§ **WORK REQUIRED**: Below are some entries. Copy each line in them that holds "Ring".
▬▬▬
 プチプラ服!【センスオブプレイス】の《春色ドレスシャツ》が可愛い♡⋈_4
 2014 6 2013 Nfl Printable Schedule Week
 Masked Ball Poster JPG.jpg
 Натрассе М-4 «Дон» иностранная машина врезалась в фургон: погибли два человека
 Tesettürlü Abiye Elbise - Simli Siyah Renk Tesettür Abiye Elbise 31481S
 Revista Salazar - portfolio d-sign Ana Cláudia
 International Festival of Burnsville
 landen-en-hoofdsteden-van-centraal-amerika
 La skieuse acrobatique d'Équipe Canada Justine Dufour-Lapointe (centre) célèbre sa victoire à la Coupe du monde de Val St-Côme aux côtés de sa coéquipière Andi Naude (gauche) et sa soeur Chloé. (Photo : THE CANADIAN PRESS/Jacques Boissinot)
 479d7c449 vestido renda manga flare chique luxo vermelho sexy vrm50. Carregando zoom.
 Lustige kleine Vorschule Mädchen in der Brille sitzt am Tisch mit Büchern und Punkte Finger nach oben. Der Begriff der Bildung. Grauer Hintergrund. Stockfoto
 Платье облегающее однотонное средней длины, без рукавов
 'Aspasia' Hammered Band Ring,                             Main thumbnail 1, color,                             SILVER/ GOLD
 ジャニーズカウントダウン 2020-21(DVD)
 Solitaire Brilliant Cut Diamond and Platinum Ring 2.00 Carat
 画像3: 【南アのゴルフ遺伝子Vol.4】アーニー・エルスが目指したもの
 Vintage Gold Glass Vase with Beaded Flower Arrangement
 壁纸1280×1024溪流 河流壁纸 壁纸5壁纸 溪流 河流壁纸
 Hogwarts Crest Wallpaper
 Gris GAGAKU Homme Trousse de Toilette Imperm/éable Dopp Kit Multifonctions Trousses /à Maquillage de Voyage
▬▬▬
§ **SOLUTION TO THE EXERCISE**:
 'Aspasia' Hammered Band Ring,                             Main thumbnail 1, color,                             SILVER/ GOLD
 Solitaire Brilliant Cut Diamond and Platinum Ring 2.00 Carat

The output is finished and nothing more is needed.